**TO DO**
Return each line of the listing below, unchanged, and omit the images.

**SUPPLIED MATERIAL**
=== Begin Enclosure ===

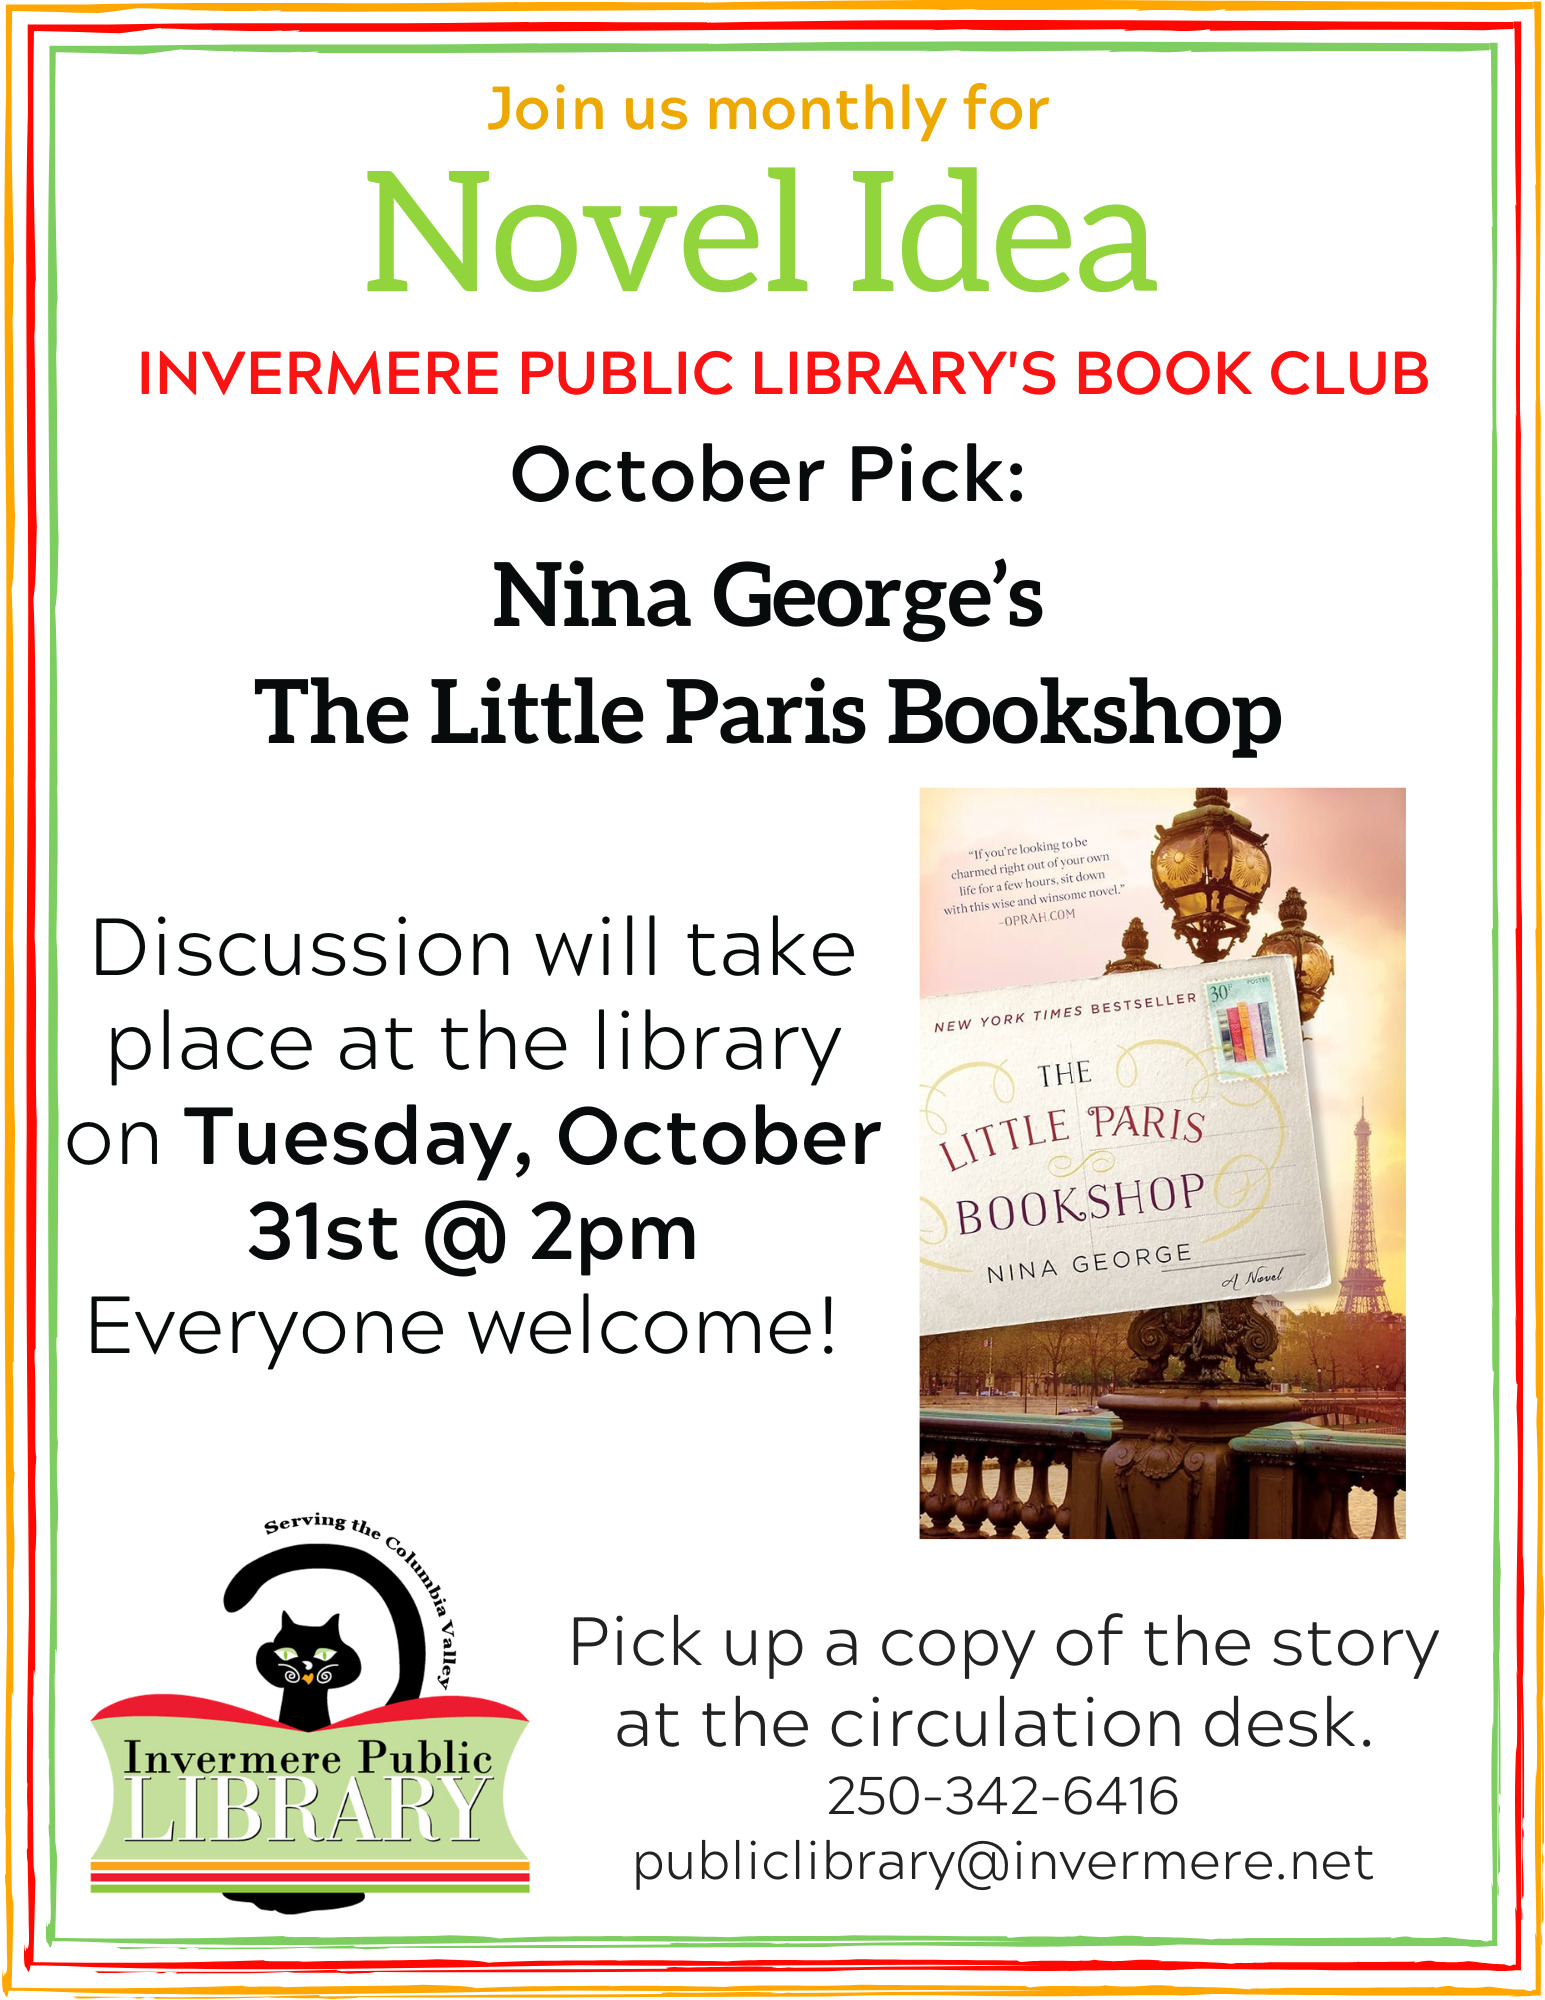 Provides title, author, and meeting details for this month's Novel Idea book club. Details are in the event description
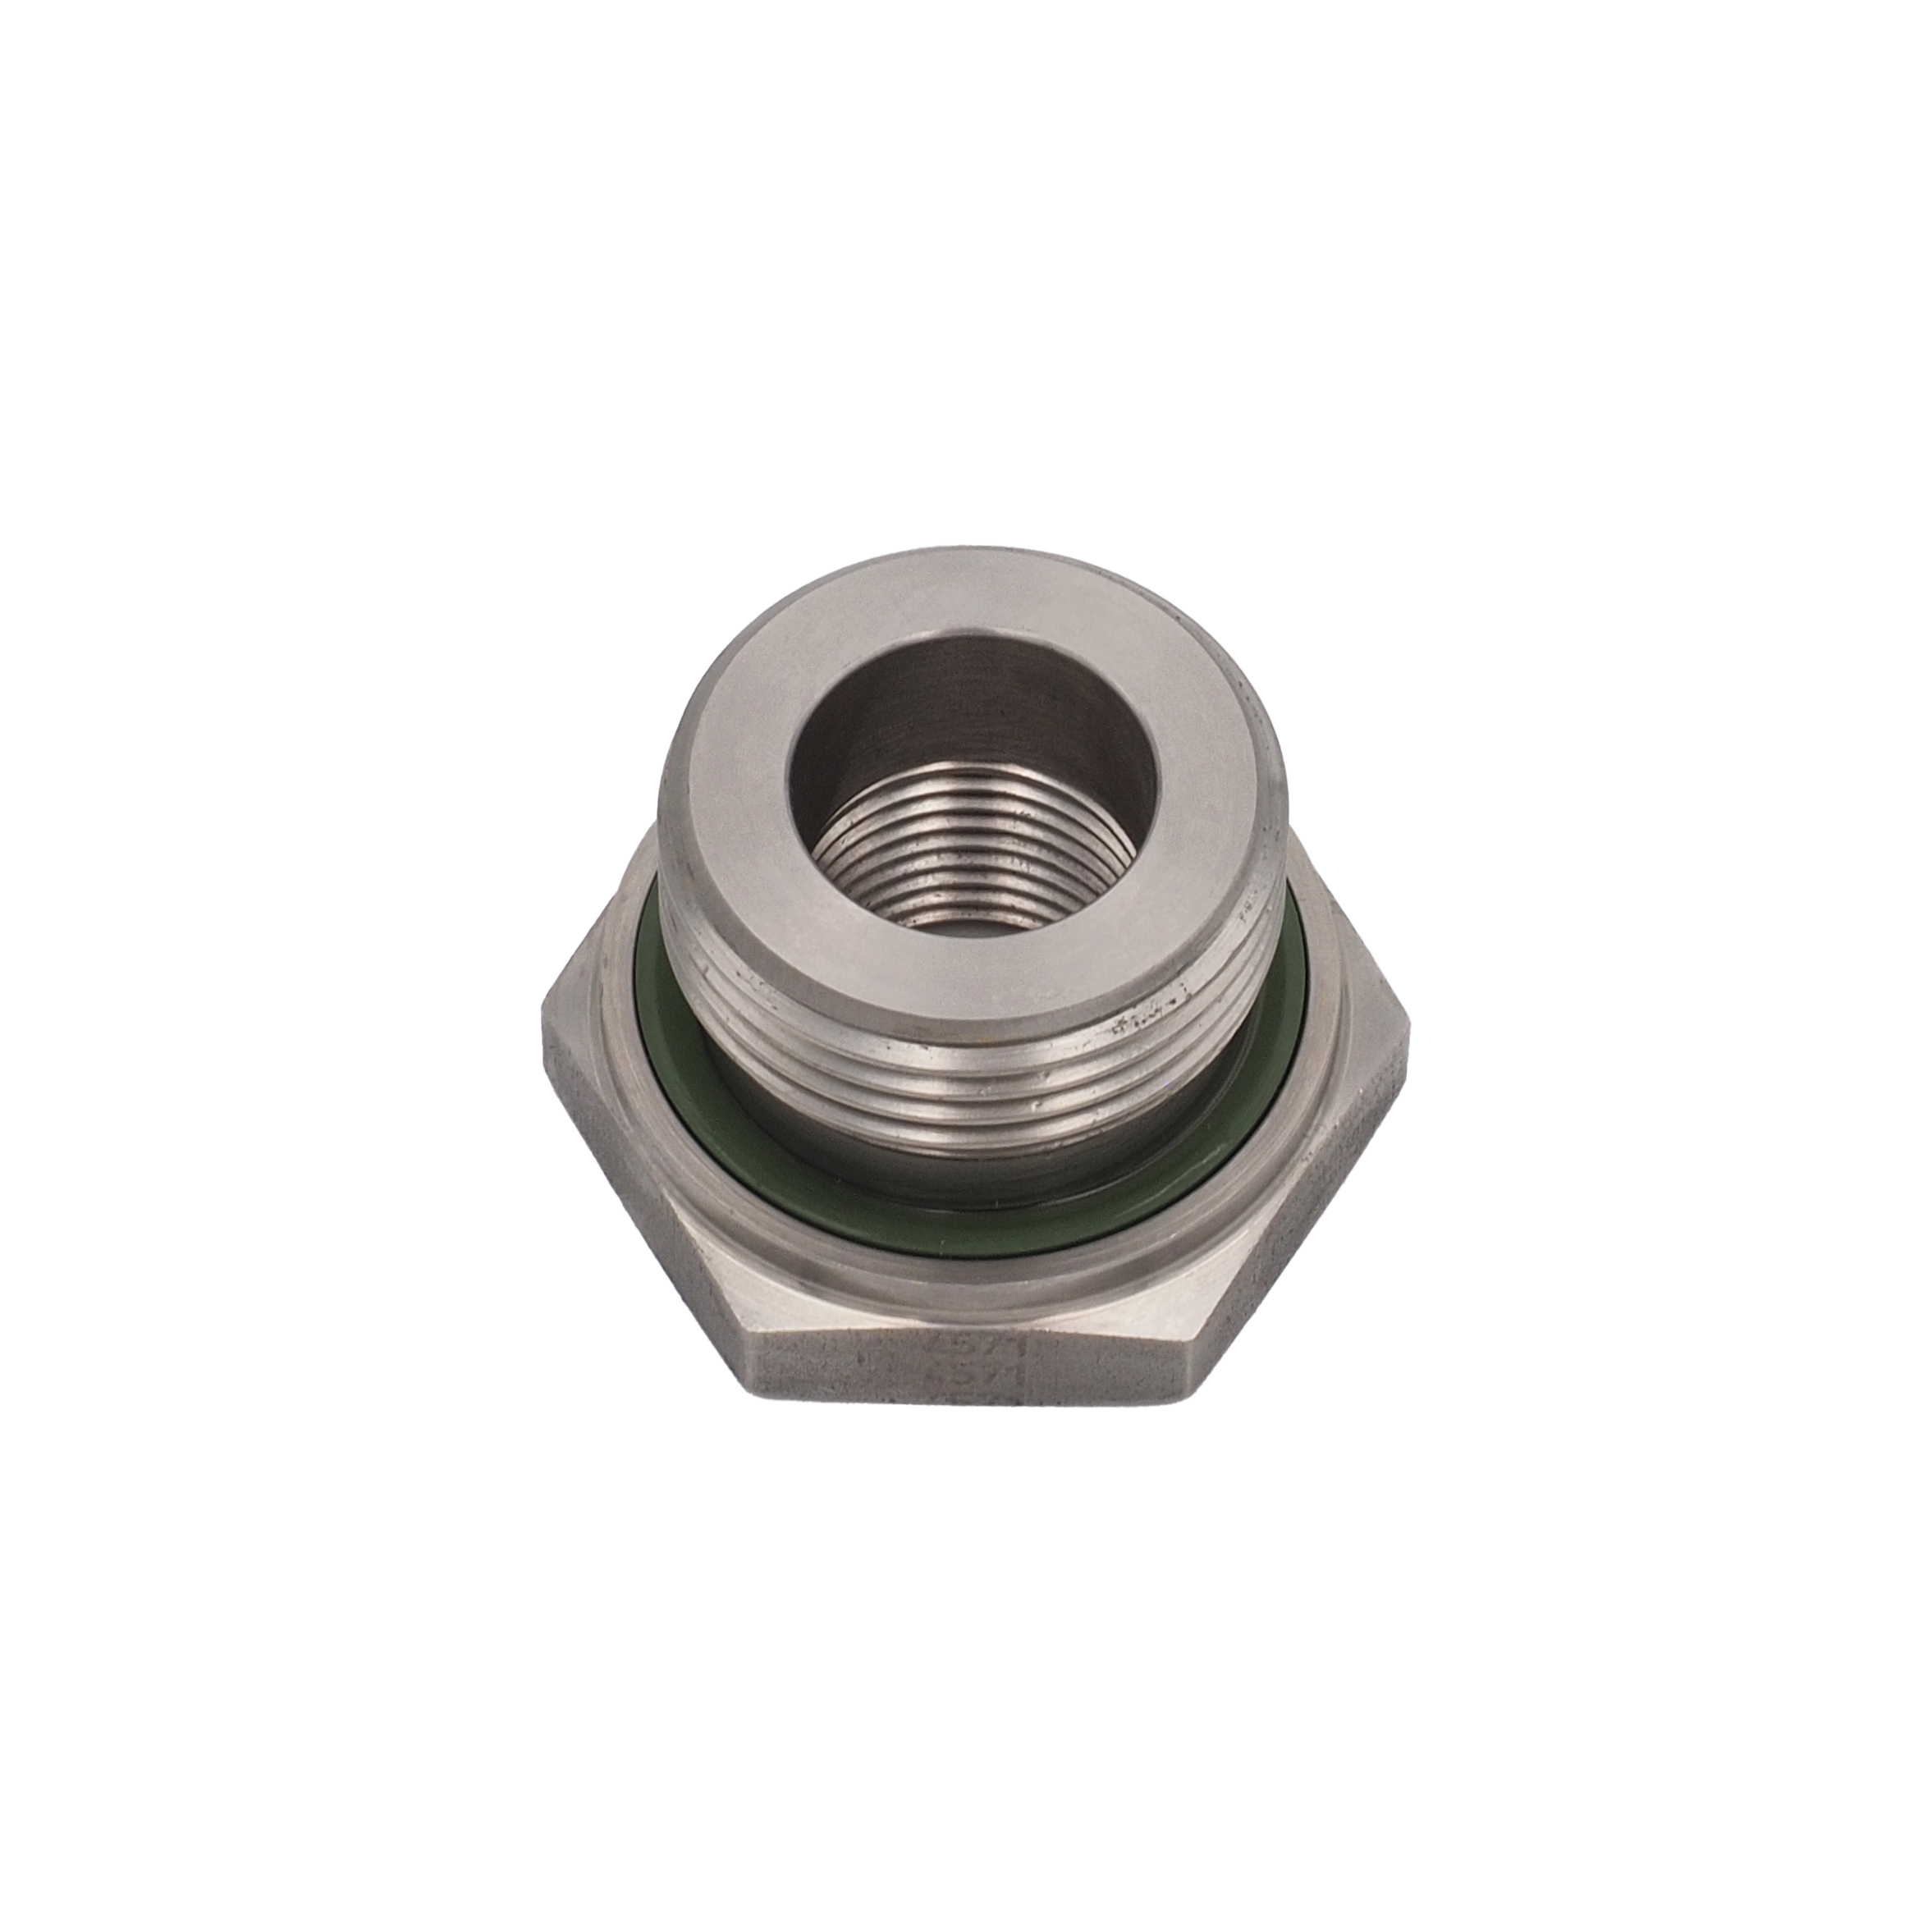 Reducer ET 1" - IT 1/2", stainless steel
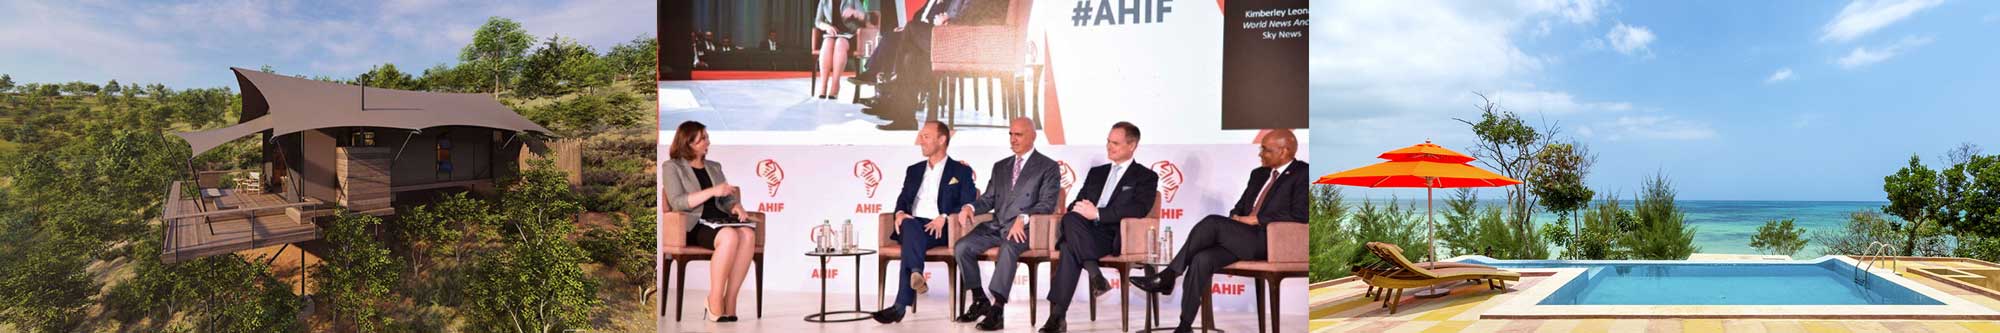 The Africa Hotel Investment Forum 2019 Top Stories

=== End Enclosure ===

**OUTPUT OF THE TASK**
 Provides title, author, and meeting details for this month's Novel Idea book club. Details are in the event description
 Reducer ET 1" - IT 1/2", stainless steel
 The Africa Hotel Investment Forum 2019 Top Stories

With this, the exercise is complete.